A : Masalah teratasi sebagian
P : Intervensi dilanjutkan untuk mengontrol kadar glukosa dan berat badan.

D. DISCHARGE PLANNING
S Pada pengkajian awal, pasien mengeluh mengalami :
- Pasien mengeluh nyeri dengan hasil pengkajian nyeri :
P: nyeri pada luka di jempol kaki kanan dan kadang kesemutan di kedua kaki
Q: nyeri terasa seperti tertusuk dan cenut-cenut
R: pada jempol kaki kanan
S: skala nyeri 5 (0-10)
T: terus-menerus
- Pasien mengatakan bahwa nyeri yang dirasakan mengganggu waktu tidur.
- Pasien mengatakan luka pada jempol kanan sejak 1 bulan yang lalu. Luka disebabkan karena tersandung batu saat berjalan.
- Pasien mengeluh cemas karena akan dilaksanakan operasi, karena sebelumnya tidak pernah di operasi.
- Pasien mengatakan nyeri pada otot dan persendian.
- Pasien mengatakan di dalam rumah tidak pakai sandal dan kadang tidak menggunakan alas kaki ketika di halaman rumah agar
perdaran darah lancar.
- Pasien mengatakan tidak tahu cara menyuntik insulin.
- Pasien mengatakan jarang kontrol ke puskesmas karena tidak ada yang mengantar. Pasien mengatakan sebelum sakit suka makan
babi guling dan nasi padang, serta makanan manis terutama jaje bali. Pasien mengatakan sering merasakan kesemutan pada kaki.

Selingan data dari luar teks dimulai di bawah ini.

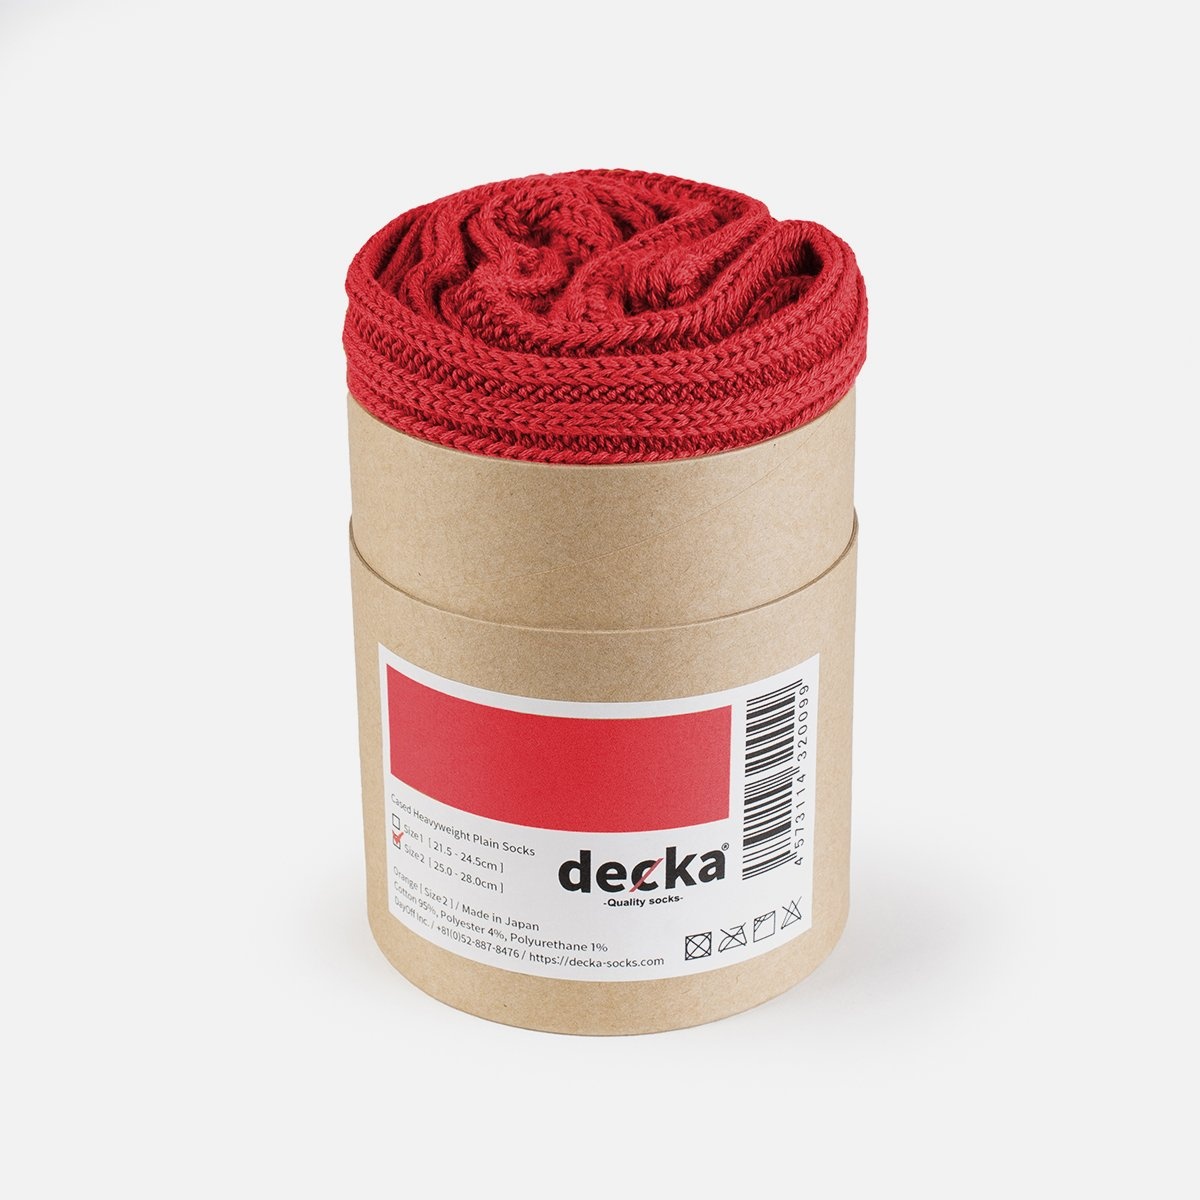 DEC-CAS-RED Decka Cased Heavyweight Plain Socks - Red - 1

O Pada pengkajian awal, ditemukan data abnormal pada pasien, yaitu :
- Pasien tampak meringis kesakitan
- Ulkus dalam dengan abses
- Terdapat jaringan nekrotik
- Terdapat luka gangrene
- Terdapat pus pada luka
- Neuropati
- Pasien tampak gelisah
- Sebagian besar aktivitas pasien dibantu oleh orang lain
- Pasien mengalami kelemahan
- Kapalan pada plantar dan tumit kaki kanan dan kiri
- LDL 158 mg/Dl
- Glukosa puasa tinggi 287 mg/Dl
- Glukosa 2 jam pp tinggi 263 mg/Dl
- Glukosa urin 2+
- Ketourin 1+
- Hiperglikemia A1C 10,3%
- IMT = 34,05 kg/m2
- Intake kalori 1700 kkal/hari.
A Berdasarkan analisis data, terdapat beberapa permasalahan keperawatan, yaitu:
- Nyeri akut b.d agen cedera fisik d.d ekspresi wajah nyeri, laporan tentang perilaku nyeri/perubahan aktivitas, keluhan tentang
intensitas menggunakan skala nyeri, dan keluhan tentang karakteristik nyeri dengan menggunakan standar instrument nyeri.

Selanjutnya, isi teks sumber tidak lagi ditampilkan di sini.